The drying of the raw material-supporting carrier is performed usually at 200 to 300° C. and usually over 0.5 to 2.0 hours.

The calcining of the raw material-supporting carrier is performed usually at 400 to 600° C. and usually over 0.5 to 5 hours.

The above-mentioned hydrotreating catalyst according to the present invention can be produced by the method for producing a hydrotreating catalyst according to the present invention.

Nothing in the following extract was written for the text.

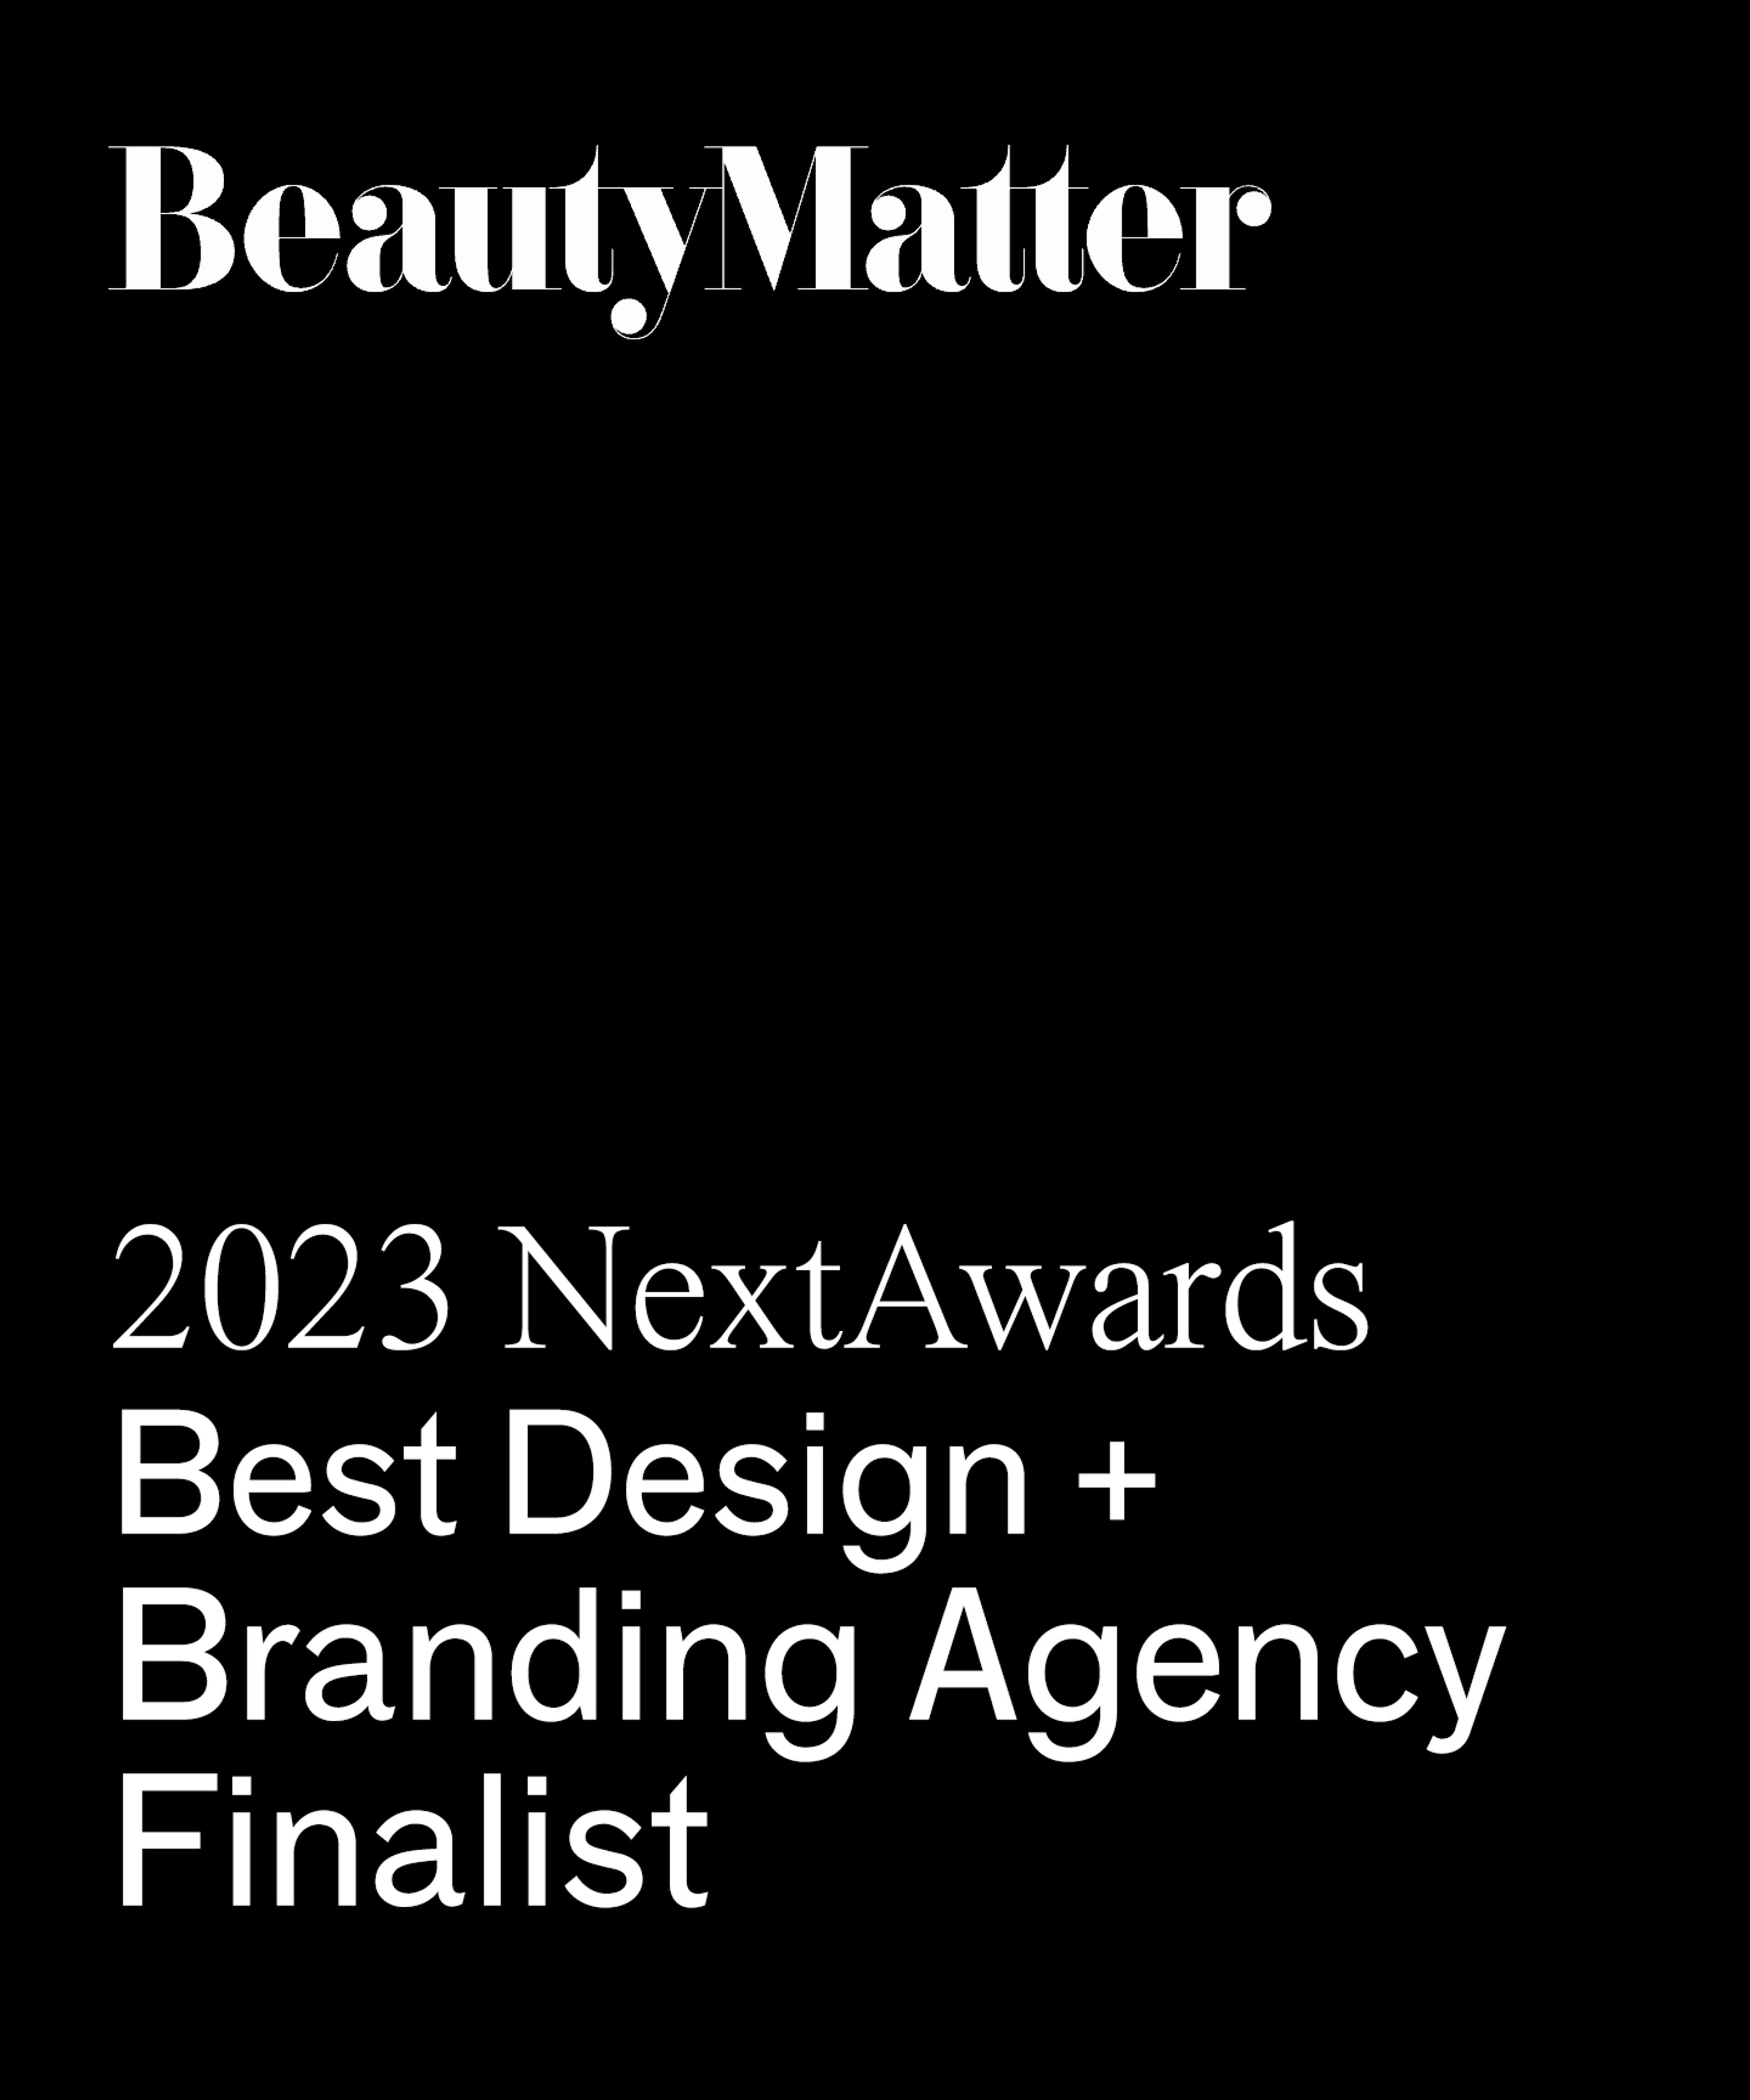 1R Selected for 2023 NextAwards Finalist

According to the production method of the present invention, it is possible to obtain a catalyst including a carrier having a local maximum value of the differential pore volume distribution in a pore diameter range of 18 to 22 nm and a low ΔPV/PV_T value by obtaining a slurry of hydrated alumina so that the pH is 9.7 to 10.5 in the first step, adding phosphorus to the carrier in an amount of 0.4 to 2.0 mass % in terms of P₂O₅ based on the total amount of the carrier in the second step, and the like. In addition, the strength and desulfurization activity of the catalyst can be improved by adding phosphorus to the carrier. When the amount of phosphorus is not within the above-mentioned range, the strength of the catalyst may decrease or the desulfurization activity may decrease.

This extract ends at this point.